Correlation Between Dis Chem and Lighthouse Capital
Can any of the company-specific risk be diversified away by investing in both Dis Chem and Lighthouse Capital at the same time? Although using a correlation coefficient on its own may not help to predict future stock returns, this module helps to understand the diversifiable risk of combining Dis Chem and Lighthouse Capital into the same portfolio, which is an essential part of the fundamental portfolio management process.
By analyzing existing cross correlation between Dis Chem Pharmacies and Lighthouse Capital, you can compare the effects of market volatilities on Dis Chem and Lighthouse Capital and check how they will diversify away market risk if combined in the same portfolio for a given time horizon. You can also utilize pair trading strategies of matching a long position in Dis Chem with a short position of Lighthouse Capital. Check out your portfolio center. Please also check ongoing floating volatility patterns of Dis Chem and Lighthouse Capital.
Diversification Opportunities for Dis Chem and Lighthouse Capital
0.18 | Correlation Coefficient |
Average diversification
The 3 months correlation between Dis and Lighthouse is 0.18. Overlapping area represents the amount of risk that can be diversified away by holding Dis Chem Pharmacies and Lighthouse Capital in the same portfolio, assuming nothing else is changed. The correlation between historical prices or returns on Lighthouse Capital and Dis Chem is a relative statistical measure of the degree to which these equity instruments tend to move together. The correlation coefficient measures the extent to which returns on Dis Chem Pharmacies are associated (or correlated) with Lighthouse Capital. Values of the correlation coefficient range from -1 to +1, where. The correlation of zero (0) is possible when the price movement of Lighthouse Capital has no effect on the direction of Dis Chem i.e., Dis Chem and Lighthouse Capital go up and down completely randomly.
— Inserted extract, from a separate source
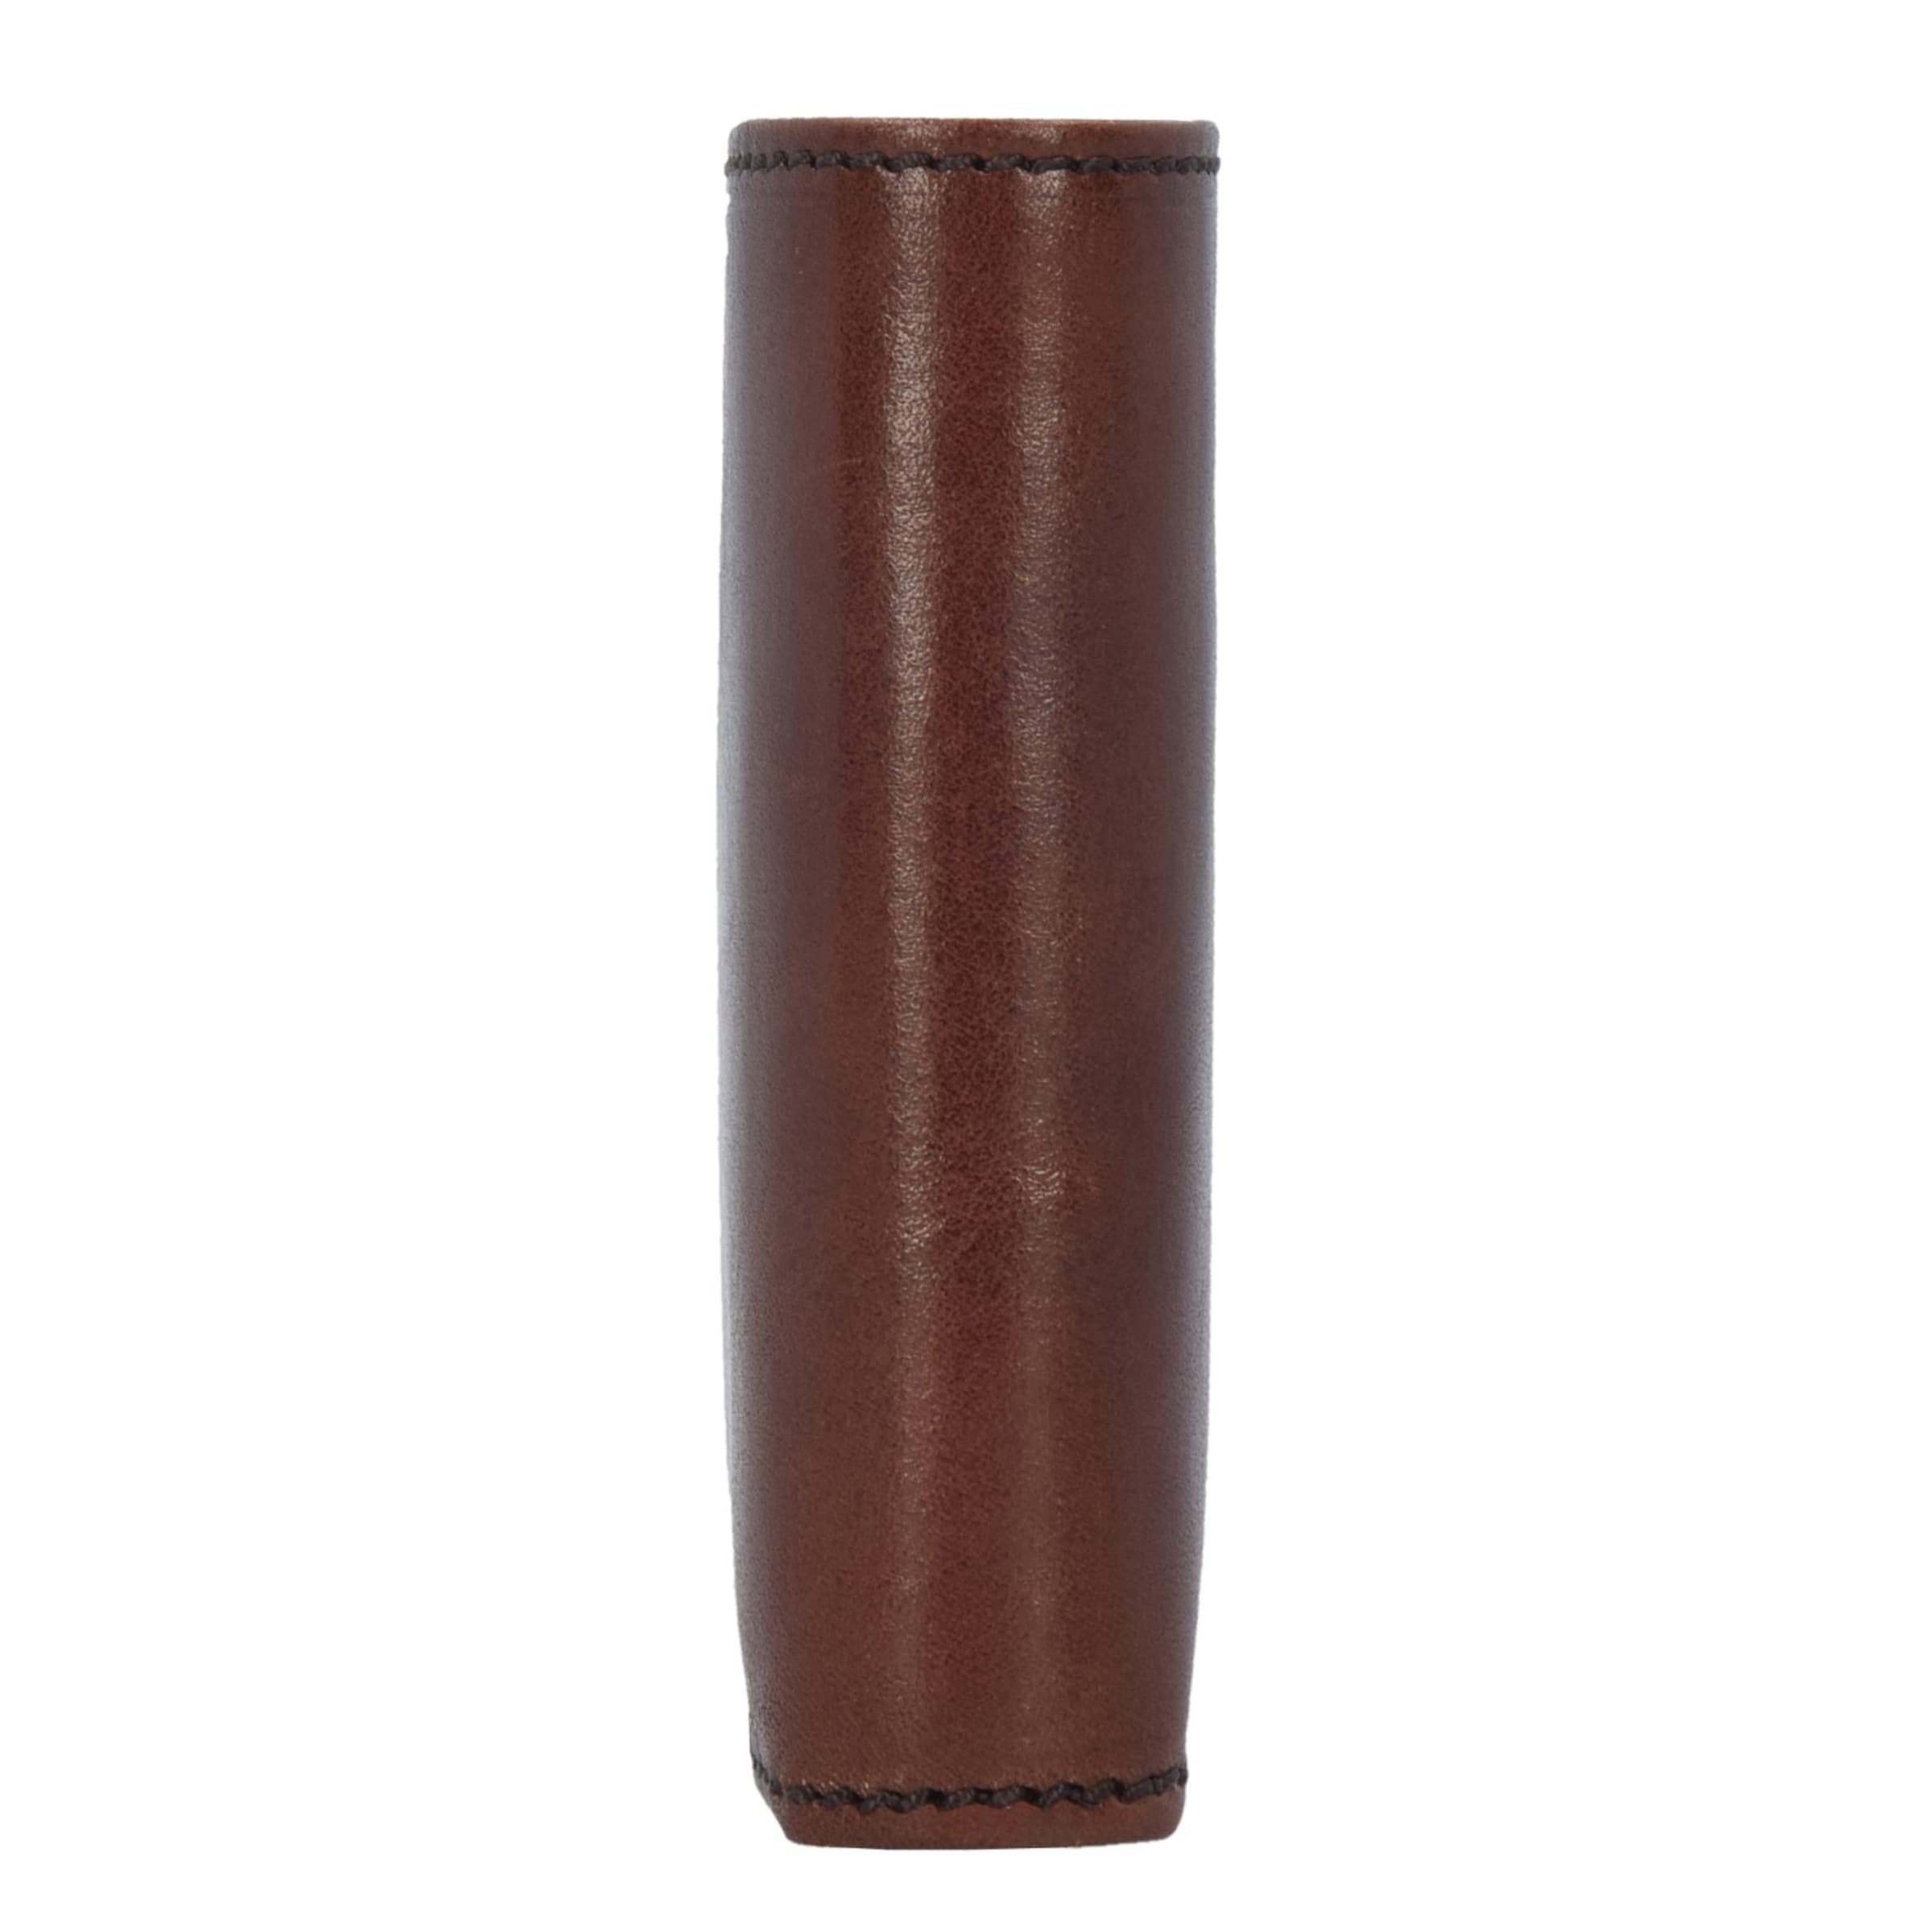 Verkauf Rabatte Rabatt Billigsten The Bridge Story Uomo Geldbörse Leder 11 cm Spielraum Sehr Billig KBYQ1mbw

Pair Corralation between Dis Chem and Lighthouse Capital
Assuming the 90 days trading horizon Dis Chem Pharmacies is expected to under-perform the Lighthouse Capital. But the stock apears to be less risky and, when comparing its historical volatility, Dis Chem Pharmacies is 1.24 times less risky than Lighthouse Capital. The stock trades about -0.22 of its potential returns per unit of risk. The Lighthouse Capital is currently generating about -0.05 of returns per unit of risk over similar time horizon. If you would invest 83,000 in Lighthouse Capital on December 23, 2024 and sell it today you would lose (3,700) from holding Lighthouse Capital or give up 4.46% of portfolio value over 90 days.
Time Period | 3 Months [change] |
Direction | Moves Together |
Strength | Insignificant |
Accuracy | 100.0% |
Values | Daily Returns |
Dis Chem Pharmacies vs. Lighthouse Capital
Performance |
Timeline |
Dis Chem Pharmacies |
Lighthouse Capital |
Dis Chem and Lighthouse Capital Volatility Contrast
Predicted Return Density |
Returns |
Pair Trading with Dis Chem and Lighthouse Capital
The main advantage of trading using opposite Dis Chem and Lighthouse Capital positions is that it hedges away some unsystematic risk. Because of two separate transactions, even if Dis Chem position performs unexpectedly, Lighthouse Capital can make up some of the losses. Pair trading also minimizes risk from directional movements in the market. For example, if an entire industry or sector drops because of unexpected headlines, the short position in Lighthouse Capital will offset losses from the drop in Lighthouse Capital's long position.Dis Chem vs. ABSA Bank Limited | Dis Chem vs. E Media Holdings | Dis Chem vs. RCL Foods | Dis Chem vs. African Media Entertainment |
Lighthouse Capital vs. Blue Label Telecoms | Lighthouse Capital vs. Harmony Gold Mining | Lighthouse Capital vs. HomeChoice Investments | Lighthouse Capital vs. Allied Electronics |
Check out your portfolio center.Note that this page's information should be used as a complementary analysis to find the right mix of equity instruments to add to your existing portfolios or create a brand new portfolio. You can also try the Watchlist Optimization module to optimize watchlists to build efficient portfolios or rebalance existing positions based on the mean-variance optimization algorithm.